Поезд. Бремя танцора

– Ты хочешь сказать, что мы должны прогнуться перед обстоятельствами?

– Я ничего не хочу сказать, я просто объясняю, что подобные фанаты своих идей могут быть простым людям непонятны, раз, нуждаются в материальной поддержке, два. В общем, общество относится к ним неоднозначно.

– А что такое общество?

– Браво, я давно не рассуждал на экзистенциальные темы. Личность – это всегда одиночка. Это я понимаю. Одиночка в любом случае попытается выделиться из толпы. Это я тоже понимаю. Толпа это может воспринять негативно или позитивно. И это понятно. С другой стороны, толпа – это не хаос, это вполне конкретные люди со своими законами. «Хлеба и зрелищ» – этот принцип никто не отменял. Одиночка может предложить хлеб – и накормить. Может предложить зрелища – и толпа расслабится. А может дать идею. И толпа её либо отвергнет, либо воспримет. Все это абстрактные рассуждения, но мне даже нравится объяснять это тебе. Посредством чувств можно многое разбудить в человеке. Но сейчас век рацио – тех, кто живет разумом. Поэтому, в принципе, независимо от личности, искусство, театр – обречены. Есть лишь отдельные люди, способные оценить все эти глобальные искания. Но скоро они начнут походить на вымирающих мамонтов.

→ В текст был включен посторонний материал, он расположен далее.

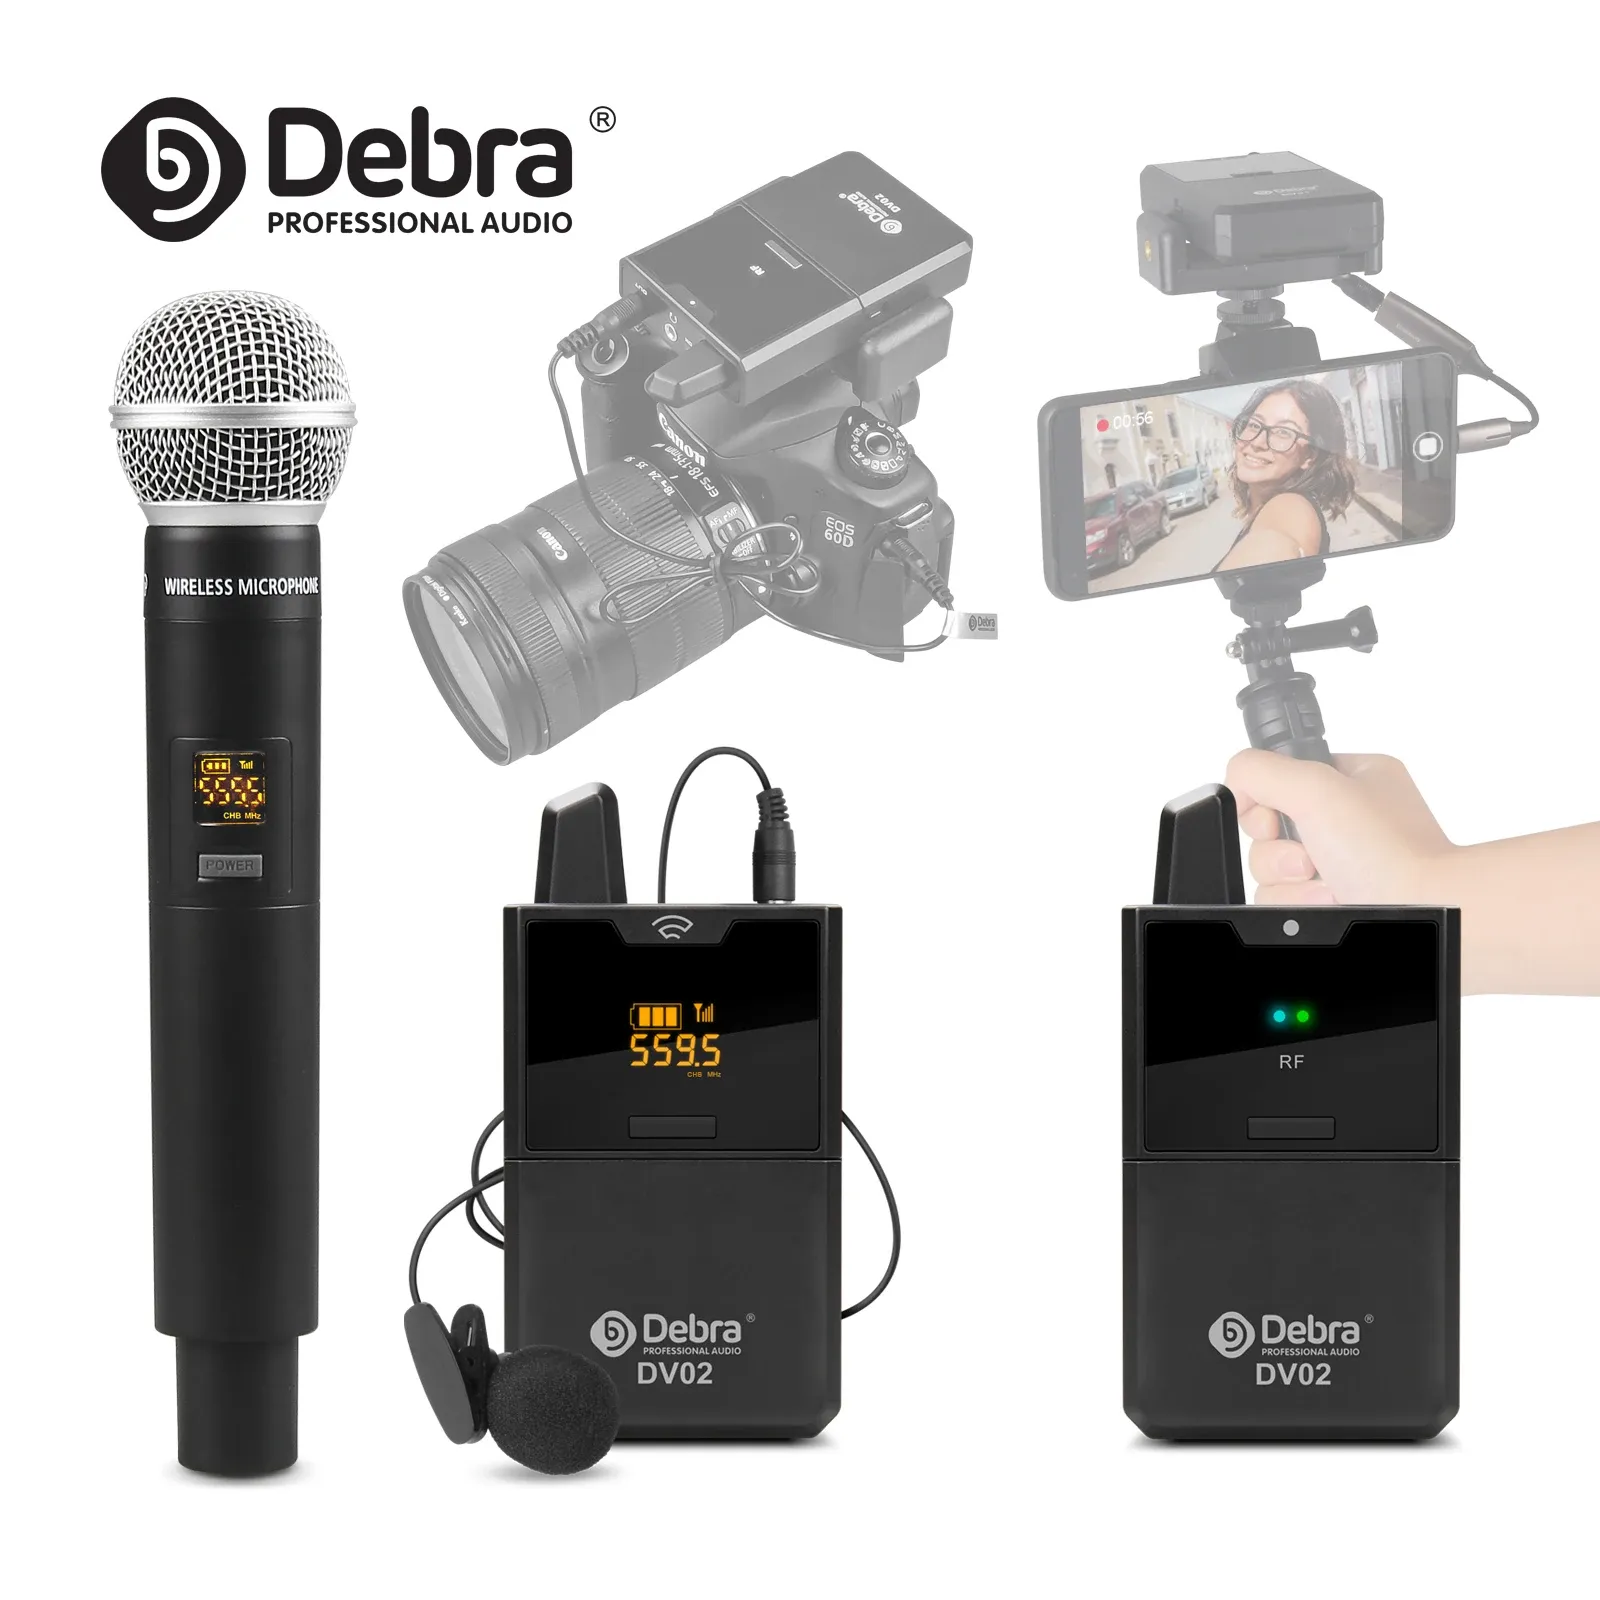 Microphones Debra DV UHF Wireless Lavalier / Handheld Microphone With Audio Monitor 50m pour les téléphones DSLR Cameras Recording Interview
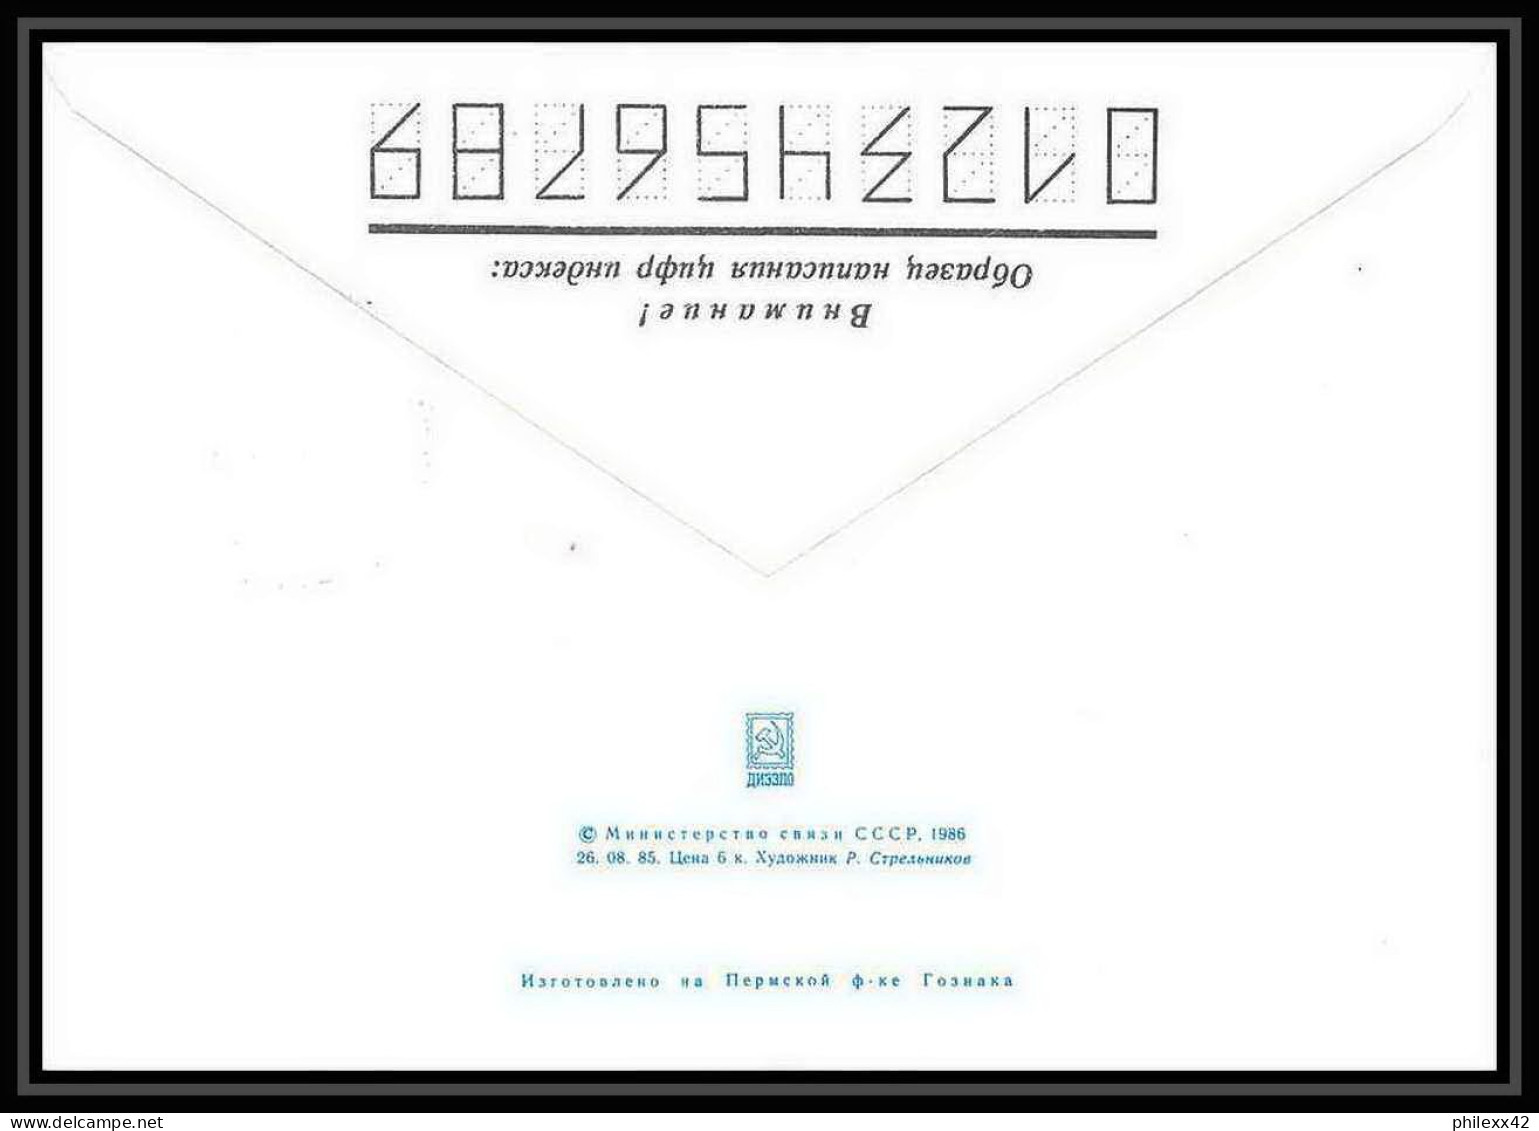 9279/ Espace (space Raumfahrt) Entier Postal (Stamped Stationery) 27/4/1986 Tsiolkovski (Russia Urss USSR) - Russia & USSR

– Это очень печально и не оставляет никакой надежды.

– Сразу видно, что ты живёшь ощущениями и чувствами. Наоборот. Вы не даёте людям забыть, что они – люди, а не просто механические роботы, которые должны ходить на работу, покупать товары, в конце концов, ставить «крыжики» в этих несчастных бюллетенях, когда уже без разницы, за кого и зачем. Вот только без лидера будет сложно. У вас нет лидера.

– Ты прав.

38.


В журнале посещаемости театральной студии Коля нашел запись нового спектакля, вернее, заметки.

«Жизнь качала меня на своих волнах, словно маленький кораблик без штурвала. Я приставал то к одному берегу, то к другому, а у причала меня ждала то одна, то другая женщина. Одна была милая и добрая, другая – расчётливая и холодная, третья – сумасбродка, четвертая – истеричка, пятая – бабочка-капустница, незаметная на фоне будней.

Я отталкивался веслом от каменной пристани, и не жалел ни о чём. Кто-то горько плакал, кидая мне белый платок (летит белый платок), кому-то я оставлял на память такие маленькие, сиротливые, притаившиеся в моем кармане монетки (кидает монеты, далее идут точки, пляшущие фигурки и неразборчивые надписи над ними).

Кто-то зажигал свечу, чтобы она освещала мне путь (на заднем плане сцены появляется свеча).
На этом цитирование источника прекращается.